Préférez avancer avec un correctif minimal si l’échec est bien compris et le risque faible. Sinon, revenez en arrière dans les limites de votre budget d’erreur prédéfini.
Liste de contrôle opérationnelle
Avant le changement :
- Confirmer le contexte du cluster, l’espace de noms et la charge visée.
- Capturer l’image courante, les réplicas et la version rapportée par l’API.
- Définir les métriques de succès et les seuils d’échec.
- Vérifier que tous les secrets et identifiants du registre sont dans le coffre de la CI.
- Si vous utilisez des migrations de base de données, confirmer la rétrocompatibilité et un plan de retour/désactivation testé.
Pendant le changement :
- Appliquer la plus petite modification (tag d’image uniquement, ou une seule valeur Helm).
- Attendre la fin du déploiement avec un délai d’expiration.

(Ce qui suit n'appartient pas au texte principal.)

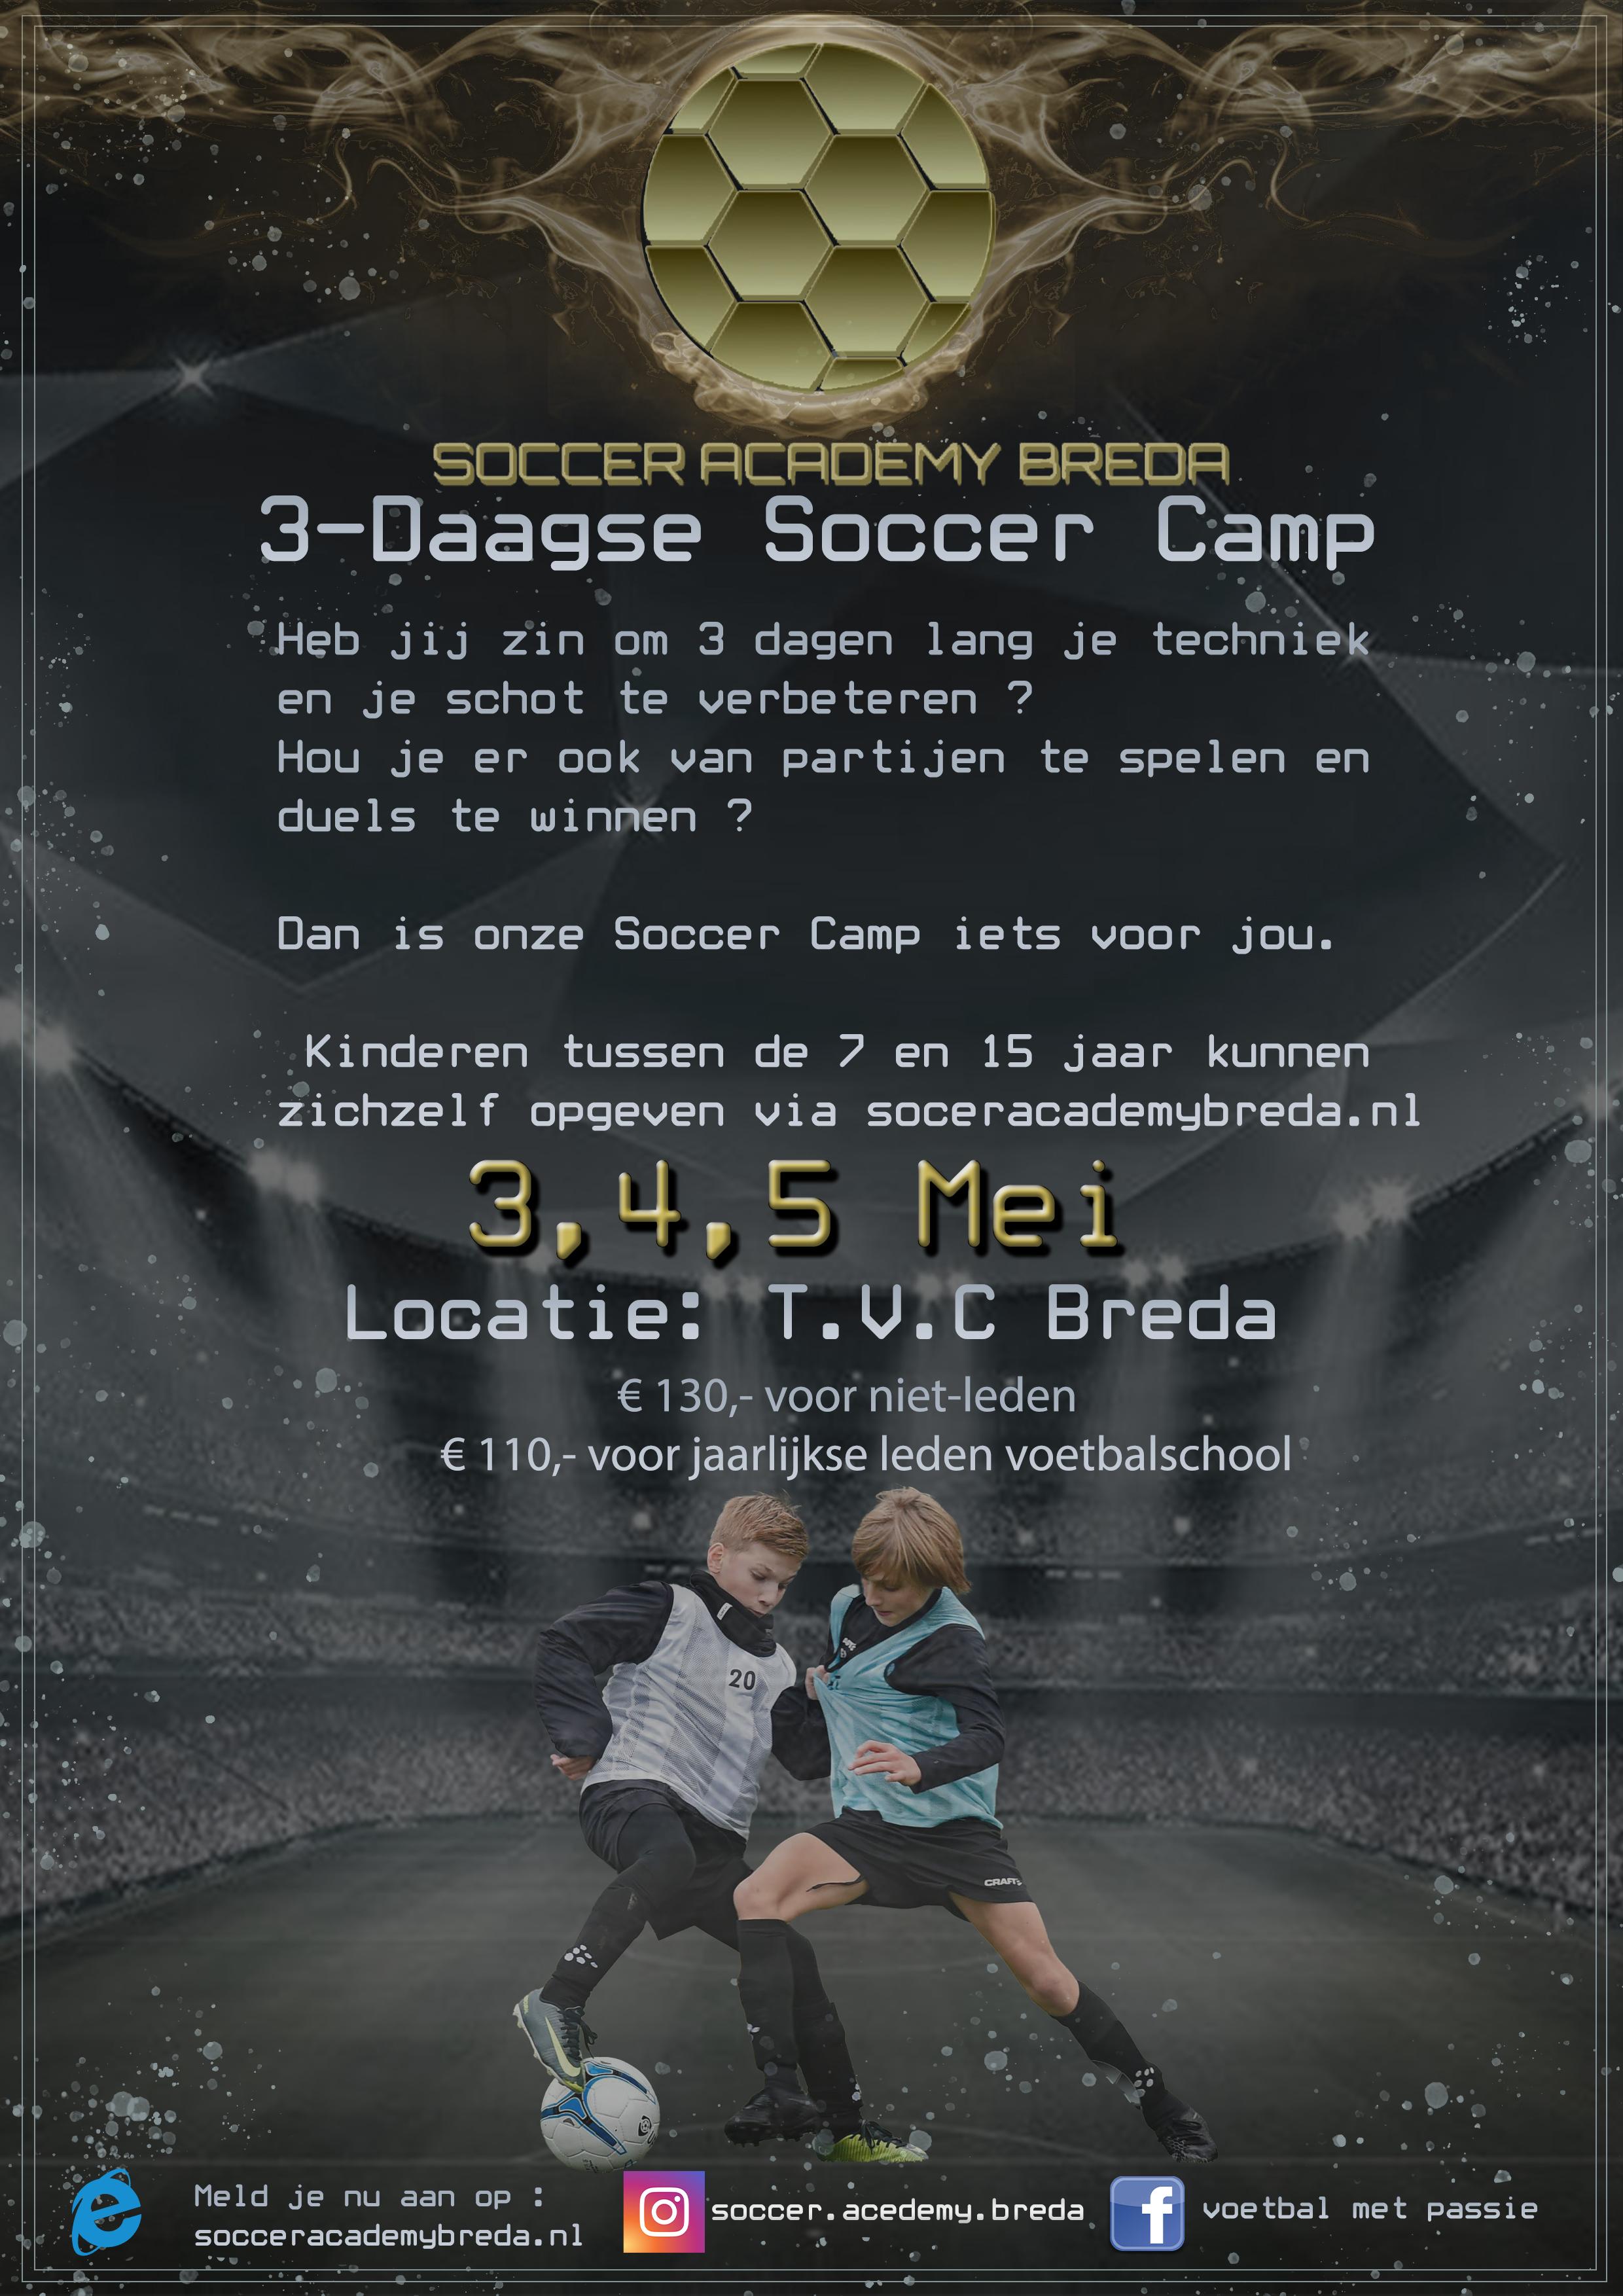 https://socceracademybreda.nl/wp-content/uploads/2021/04/Flyer-SAB-Soccer-Camp345mei8790.jpg

- Lancer les smoke tests et comparer aux signaux attendus.
Après le changement :
- Surveiller les journaux et les redémarrages de pods pendant au moins une fenêtre complète d’autoscaling.
- Vérifier les endpoints critiques métier (ex. POST /orders) avec une charge de test non sensible.

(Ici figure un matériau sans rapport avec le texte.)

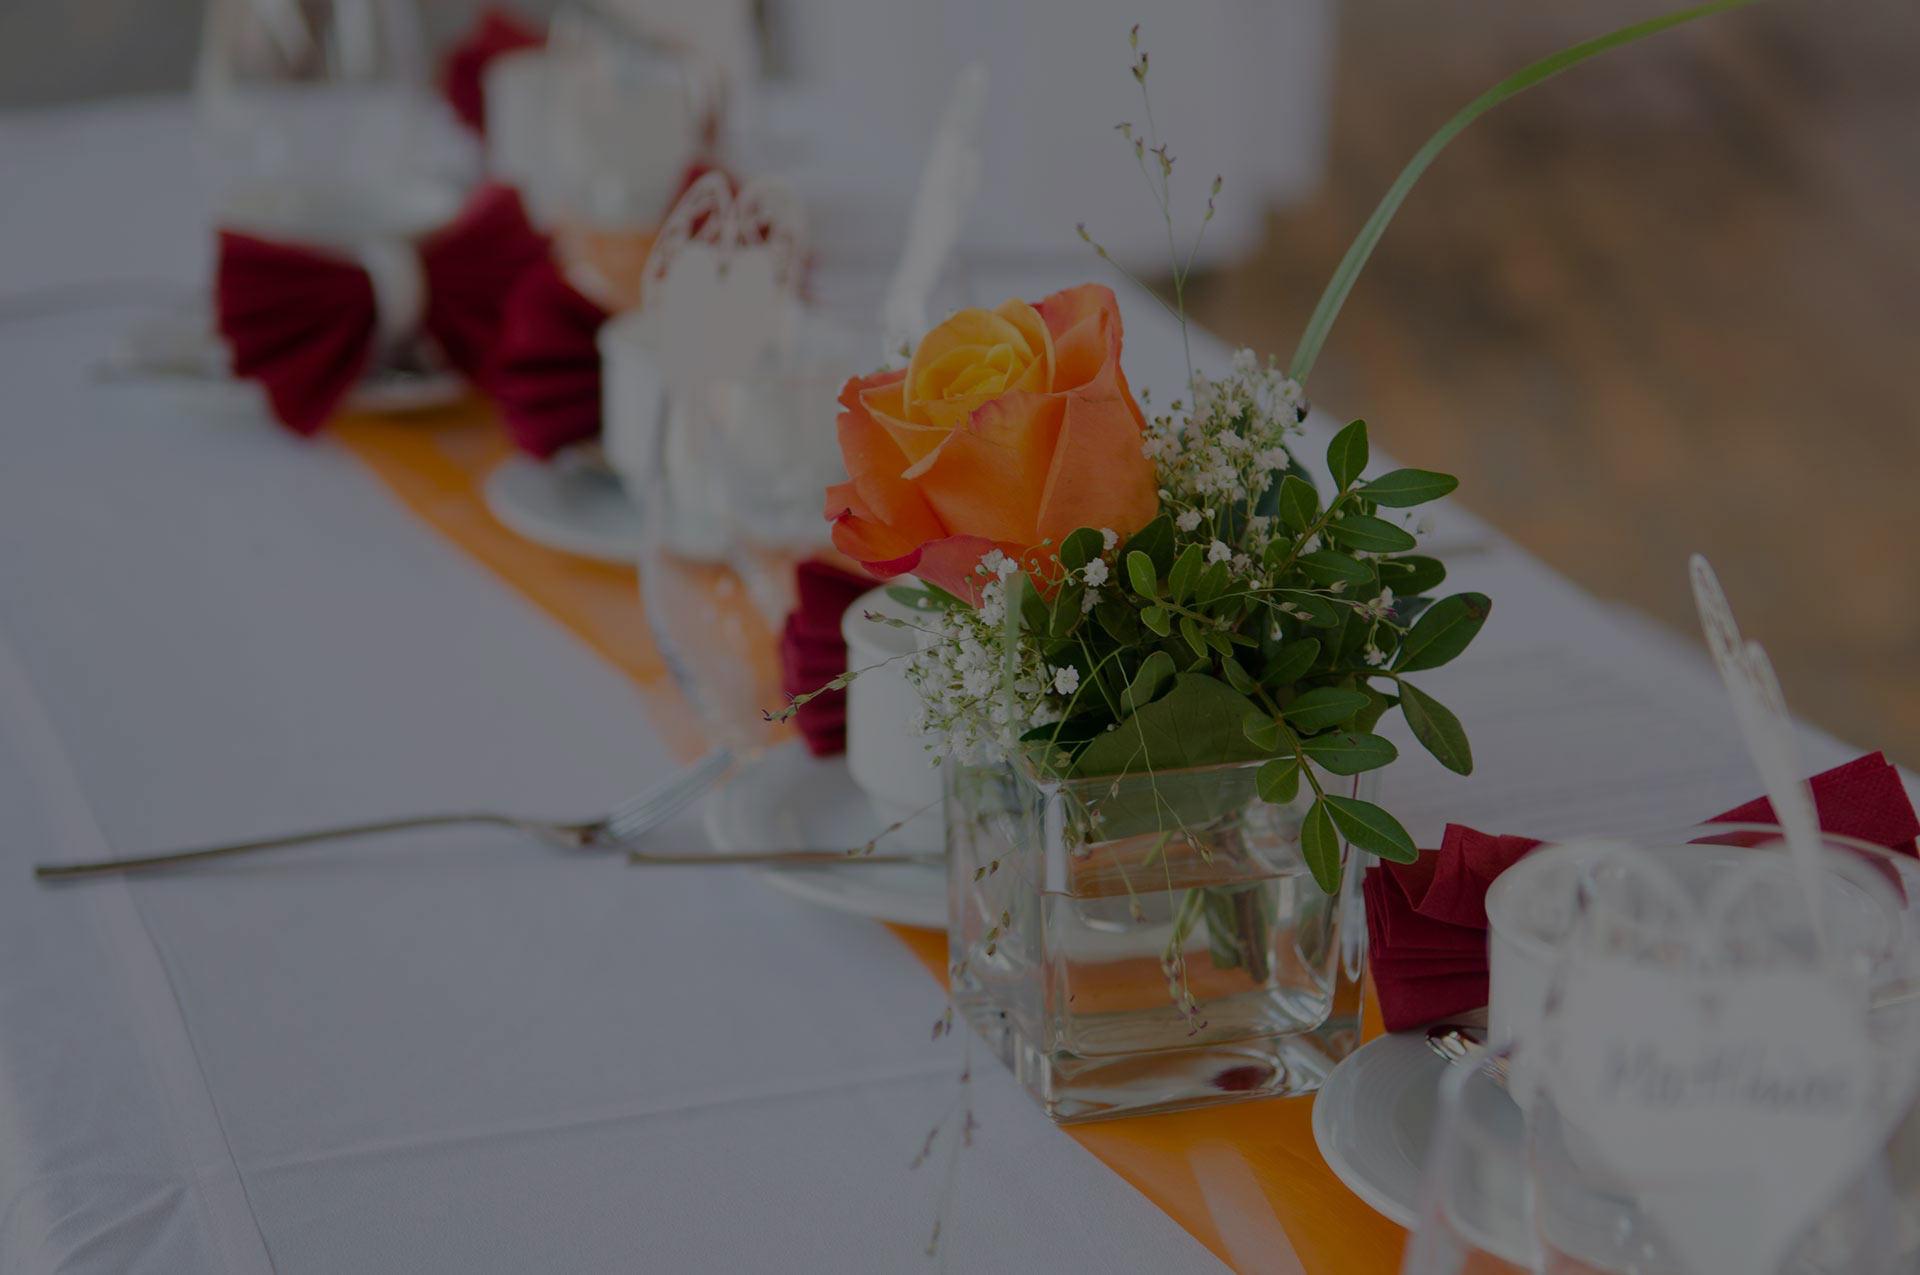 Eventservice Haas UG - Dekoration mieten

- Documenter le résultat : horodatage, version, approbateur, liens vers les exécutions CI.
Si un seuil d’échec est franchi à tout moment, exécutez immédiatement la commande de retour arrière et consignez la raison.
Conclusion
Un CI/CD fiable pour API REST est une discipline : inventorier d’abord, appliquer le plus petit changement sûr, vérifier avec des contrôles explicites et garder un retour arrière prêt. Utilisez des images versionnées, des secrets protégés et des observations en lecture seule pour réduire le risque. Pour la suite, choisissez un changement à faible risque (par exemple, mettre à jour le tag d’image en staging), exécutez les commandes d’inventaire, déployez avec le pipeline d’exemple, lancez les smoke tests et entraînez-vous au retour arrière une fois. La répétition ancre un flux de travail observable, réversible et sûr à toute échelle.